From the GMAT online practice test

[marie]

I can't figure this one, I suspect maybe the answer is wrong?

Q: The perimeter of a certain isosceles right triangle is 16 + 16sqrt(2). What is the length of the hypotenuse of the triangle?

- 8
- 16
- 4 sqrt(2)
- 8sqrt(2)
- 16sqrt(2)

The answer says 16, but I think the question should have read the perimeter is 32 + 16sqrt(2). Any thoughts?

[mschling52]

I think 16 is the right answer.

Let x be the length of the hypotenuse.
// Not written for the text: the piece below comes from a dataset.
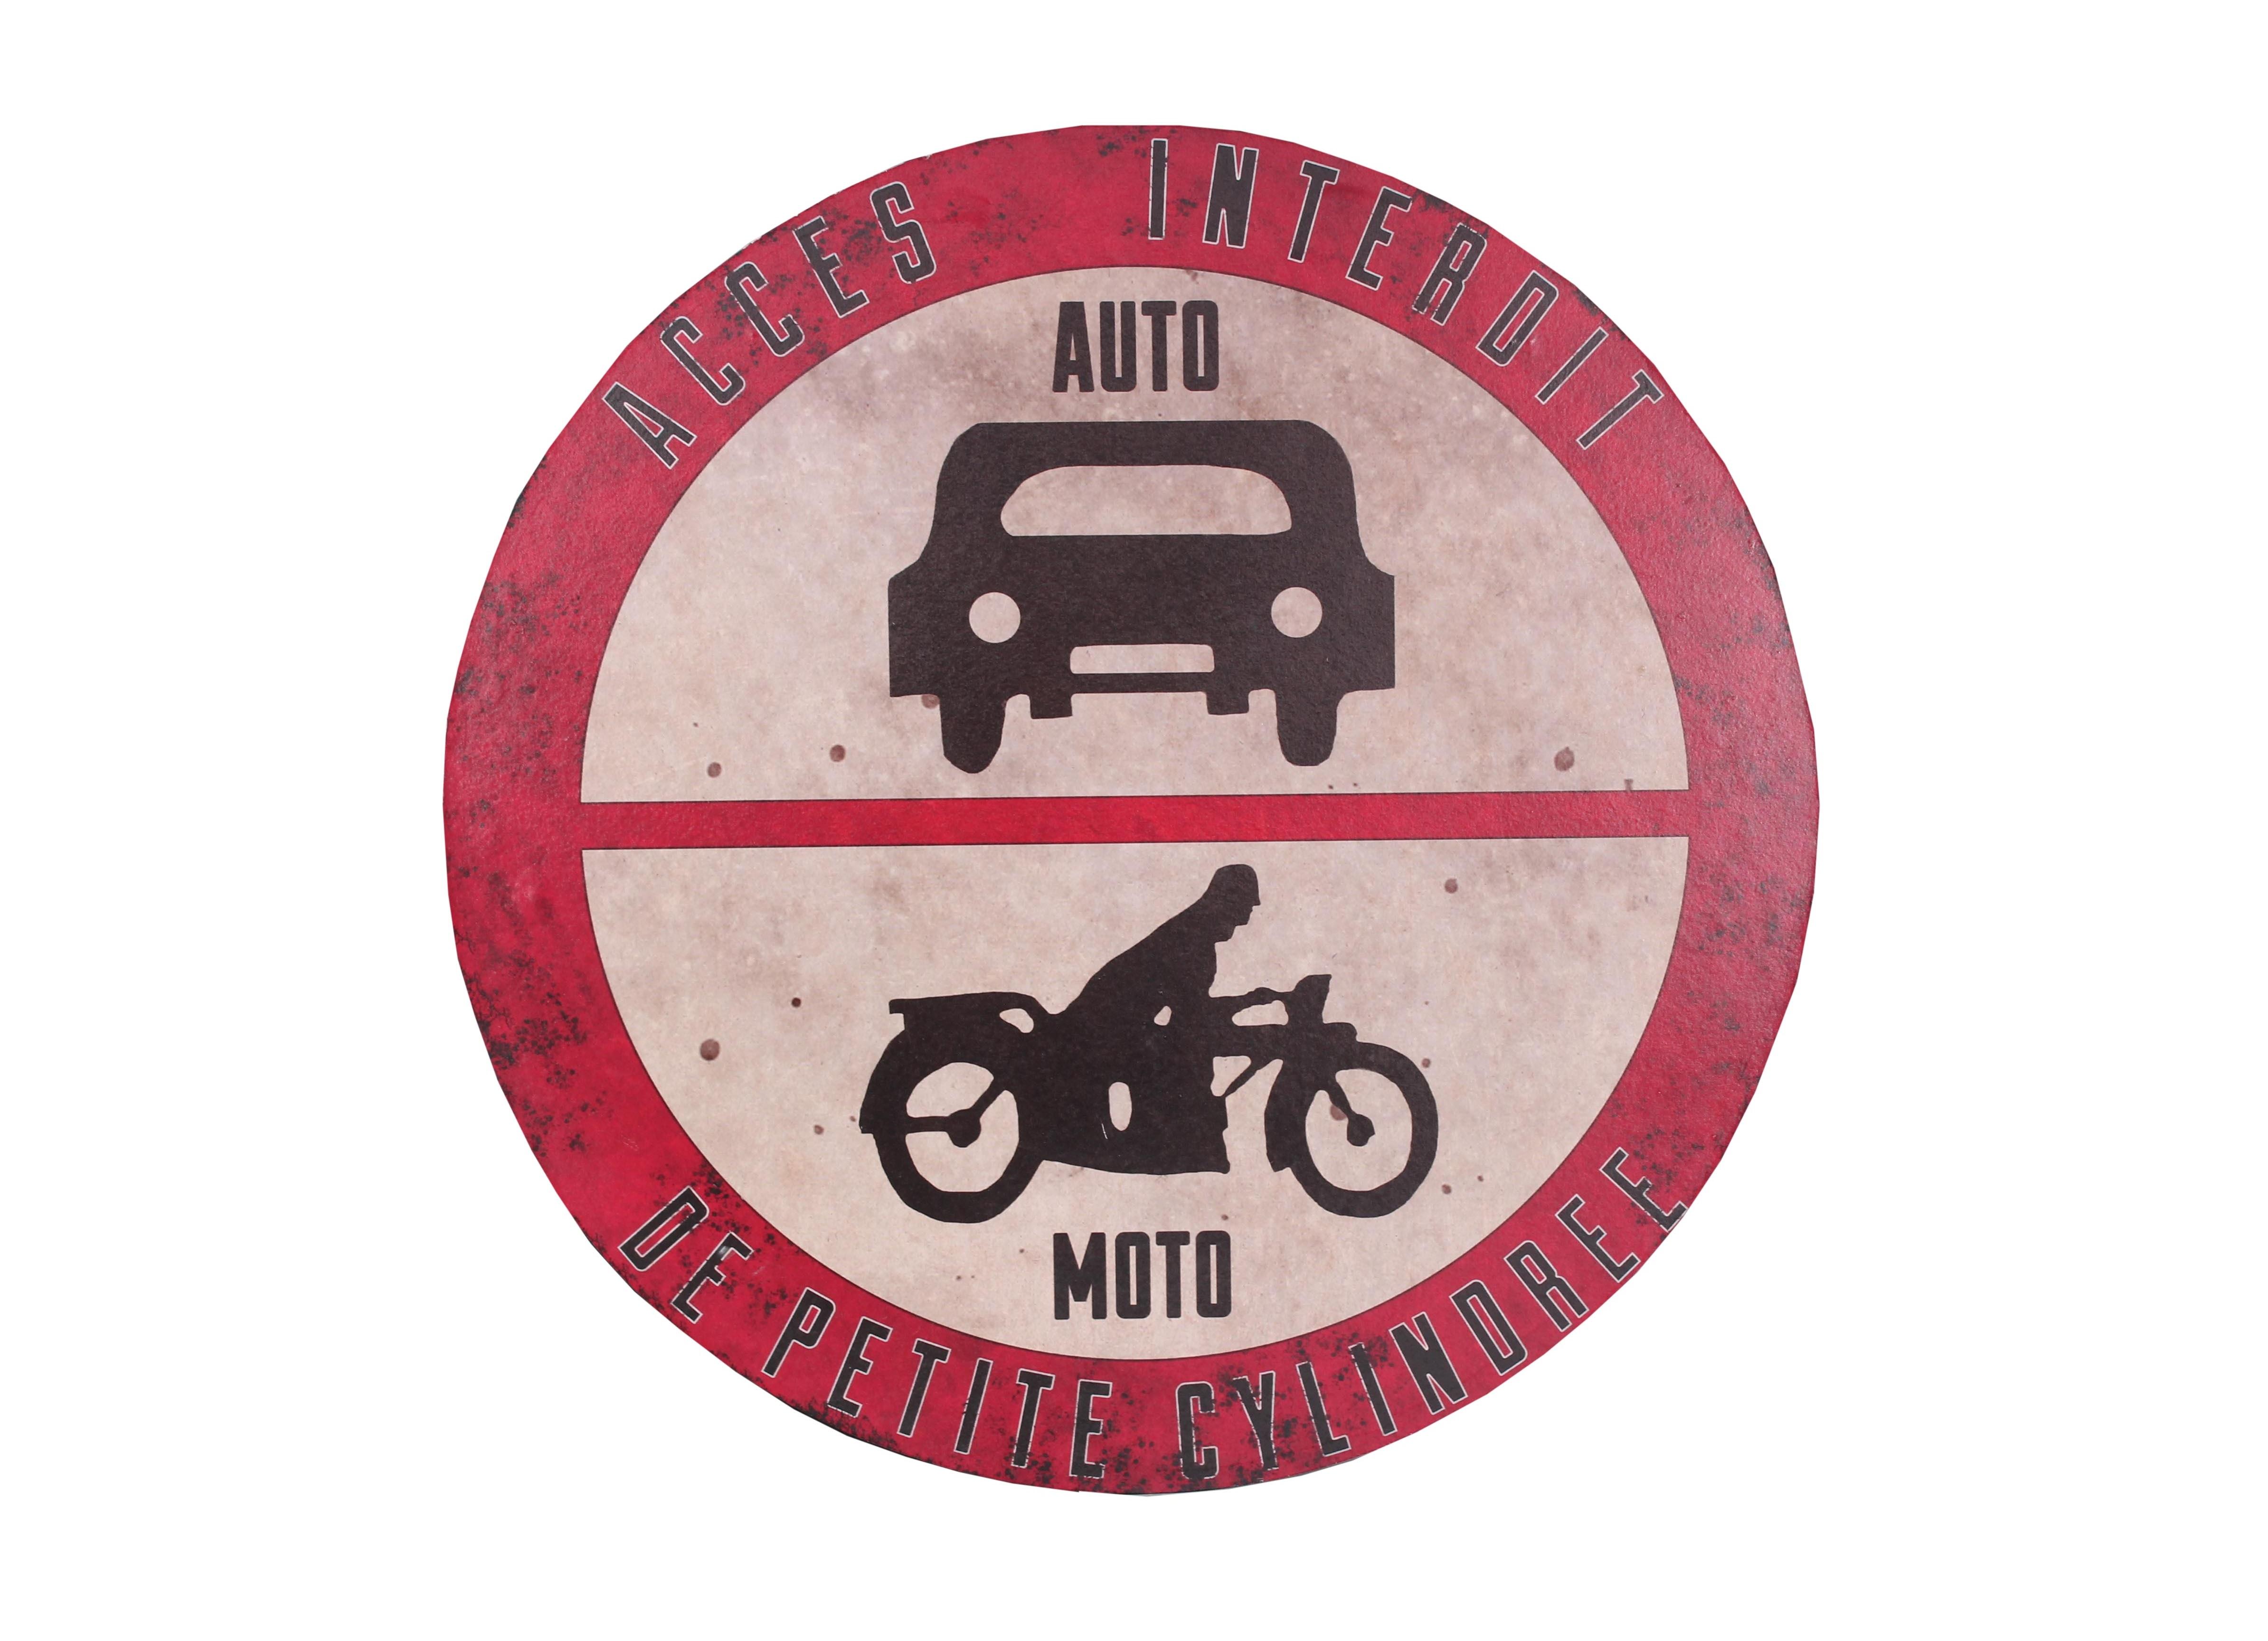 Декоративная табличка Auto-MotoДругое<br>Материал: Железо, бумага<br><br>Material: Железо<br>Length см: None<br>Width см: None<br>Depth см: 0.33<br>Height см: None<br>Diameter см: 44

Then, since we are dealing with a 45-45-90 triangle, the lengths of the other 2 sides are each (x/sqrt(2)).

So, the perimeter of the triangle will be x+(2x)/sqrt(2). We are given the perimeter, so we can set this equation equal to 16+16sqrt(2) and solve for x.

x+(2x)/sqrt(2) = 16+16sqrt(2)

x(1+2/sqrt(2)) = 16(1+sqrt(2))

x(1+sqrt(2)) = 16(1+sqrt(2))

x=16

To double check, the perimeter of a 45-45-90 triangle with hypotenuse of 16 will be

16+16/sqrt(2)+16/sqrt(2) = 16+32/sqrt(2) = 16+(32sqrt(2))/2
= 16 + 16sqrt(2),

which matches the perimeter given in the question

[marie]

Thanks I can see that, so simple, great expanation.